18. Uncontrolled active infection, including the following:

    1. Infection requiring systemic antibiotic, antiviral, or antifungal therapy.
    2. Human immunodeficiency virus (HIV) infection, or positive for HIV 1/2 Ab.
    3. Acute or chronic active hepatitis B, defined as hepatitis B surface antigen positive (regardless of the results of antibodies to other antigens) or hepatitis B core antibody positive only (hepatitis B surface antibody negative and hepatitis B e antibody negative), and hepatitis B virus (HBV) DNA ≥ 1 × 10 4 copies/mL or ≥ 2000 IU/mL; or acute or chronic active hepatitis C, defined as hepatitis C virus (HCV) antibody positive and HCV RNA titer above the lower limit of detection.
    4. Active tuberculosis infection, or still receiving anti-tuberculosis treatment, or received anti-tuberculosis treatment within 1 year before the first dose of study drug.
    5. Active syphilis infection or latent syphilis requiring treatment.

19. History of immunodeficiency diseases, including congenital or acquired immunodeficiency diseases.

20. History of allogeneic organ transplantation, allogeneic bone marrow transplantation, or autologous hematopoietic stem cell transplantation (except corneal transplantation).

21. Pregnant or lactating (may be considered if breastfeeding is discontinued) female participants, or participants planning to become pregnant.

22. Ineligible for any drug under study. Participants with contraindications to trastuzumab, pertuzumab monoclonal antibody, taxanes according to local prescribing information or IBI354 per the IBI354 Investigator's Brochure cannot be enrolled in the study.

23. Participant has known allergic or hypersensitivity reactions to the study treatments, camptothecin and its derivatives, other ADCs/anti-HER2 antibodies, and any excipients.

24. Complicated with other primary malignant tumors within 3 years or other malignant tumors with active or recurrent risk, excluding radically resected non-melanoma skin cancer (mainly including squamous cell carcinoma of skin and basal cell carcinoma of skin), radically resected carcinoma in situ, and papillary thyroid carcinoma.

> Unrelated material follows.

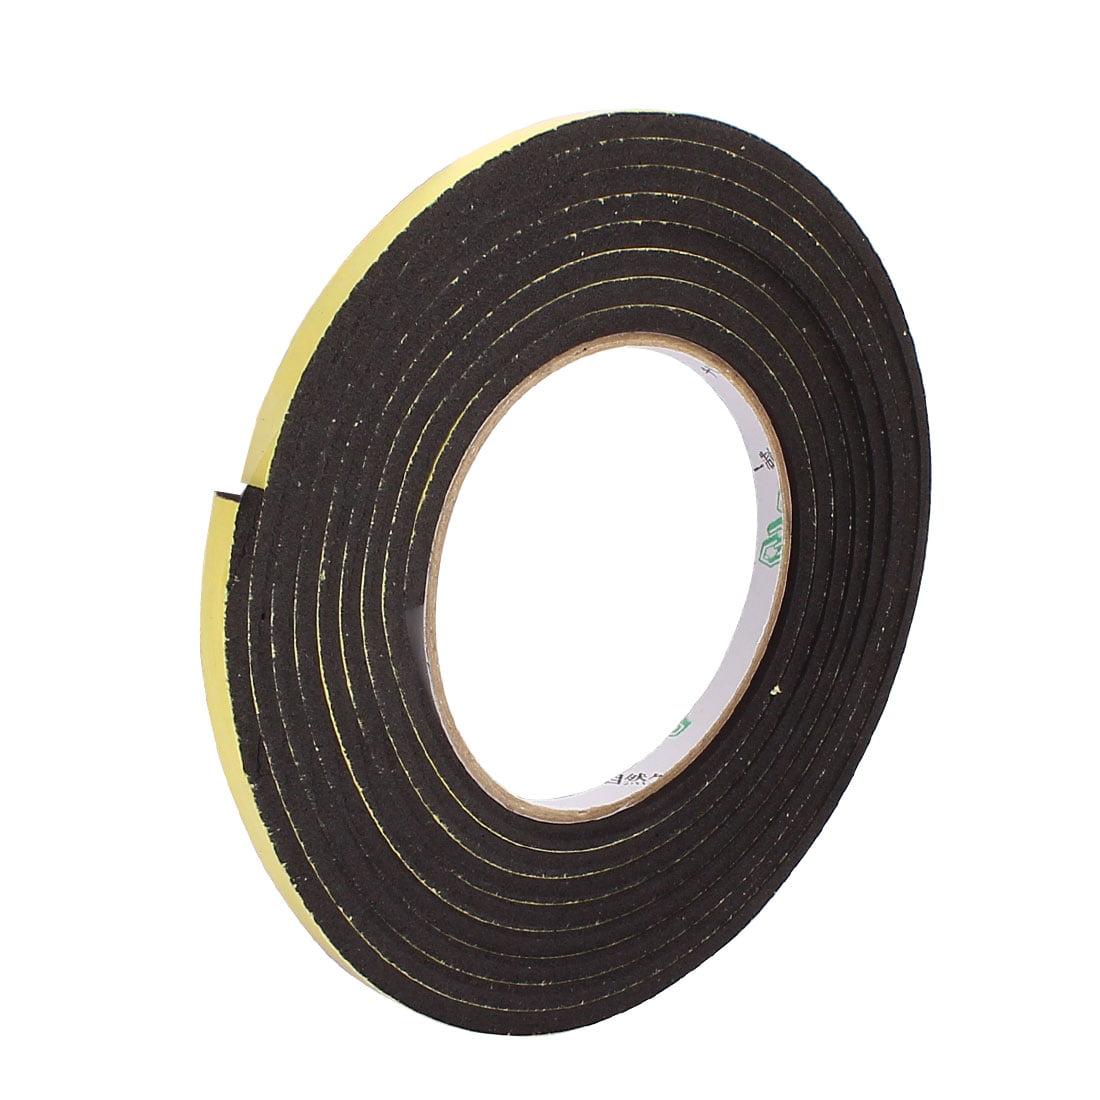 0.6CM Wide 3Meters Length 4MM Thick Single Sided Sealing Shockproof Sponge Tape
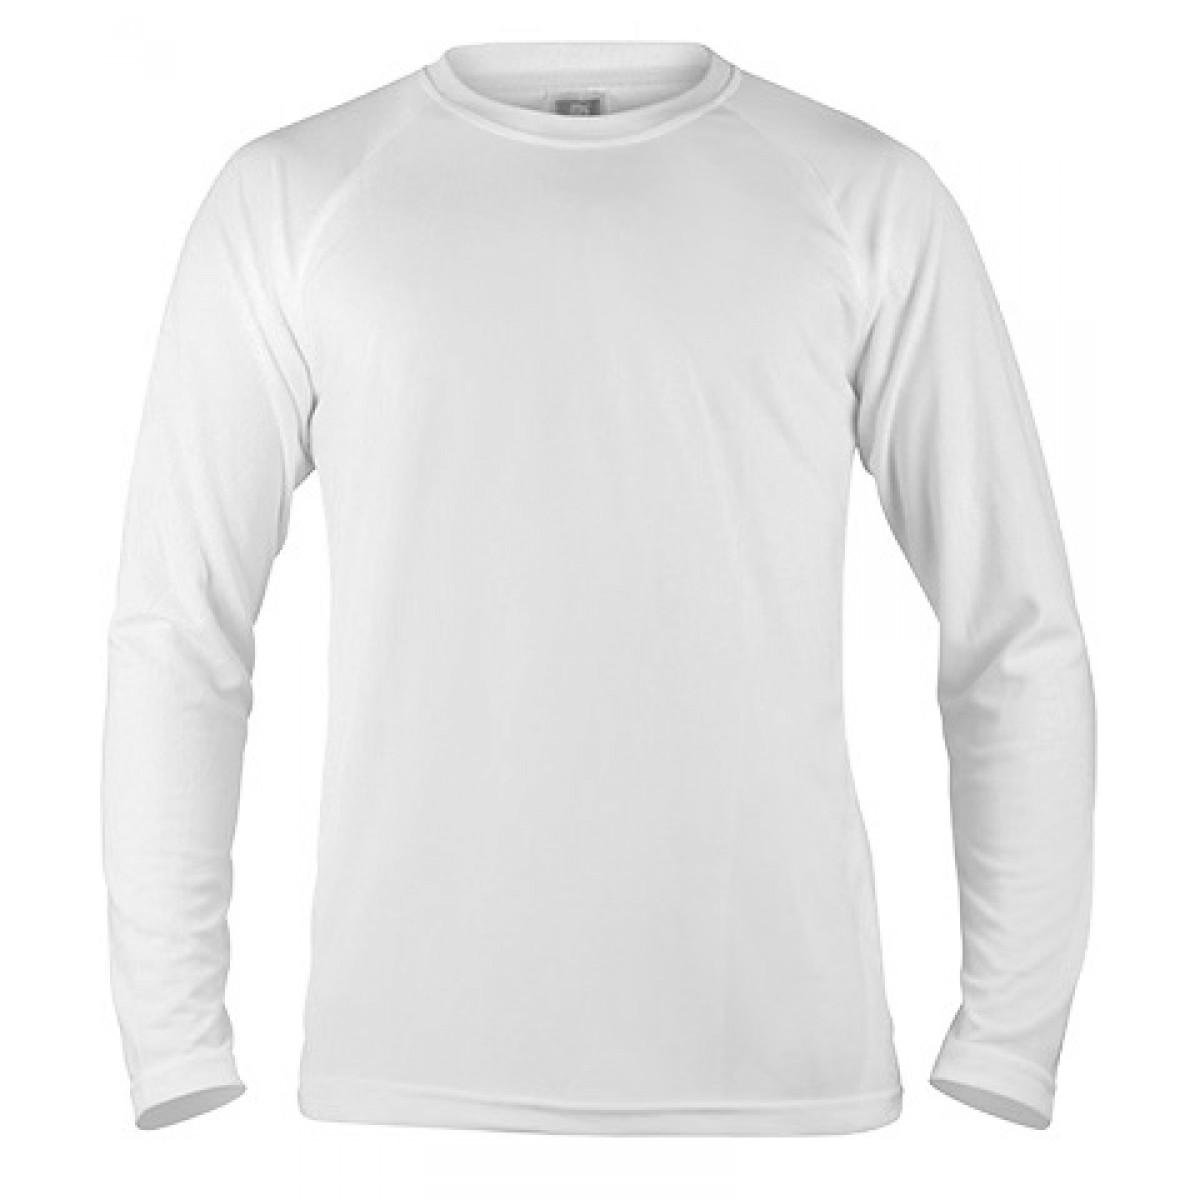 Long Sleeve Mesh Performance T-shirt-White-M

25. Participation in any other interventional clinical study, except for observational (non-interventional) studies or follow-up period after the end of study treatment in interventional studies.

26. Presence of substance abuse (excessive or inappropriate use of drugs, alcohol, or other harmful substances that may lead to physical, psychological, or social problems) or other acute or chronic diseases or laboratory abnormalities that, in the opinion of the investigator, may interfere with the participant's participation in the clinical study, increase the risk of study participation or drug administration, interfere with the interpretation of study results, or render the participant unsuitable for participation in the study in the judgment of the investigator.

27. The participant has a neurologic, psychiatric, or psychological illness or social condition that would interfere with trial compliance, substantially increase the risk of adverse events, or prevent the participant from providing written informed consent.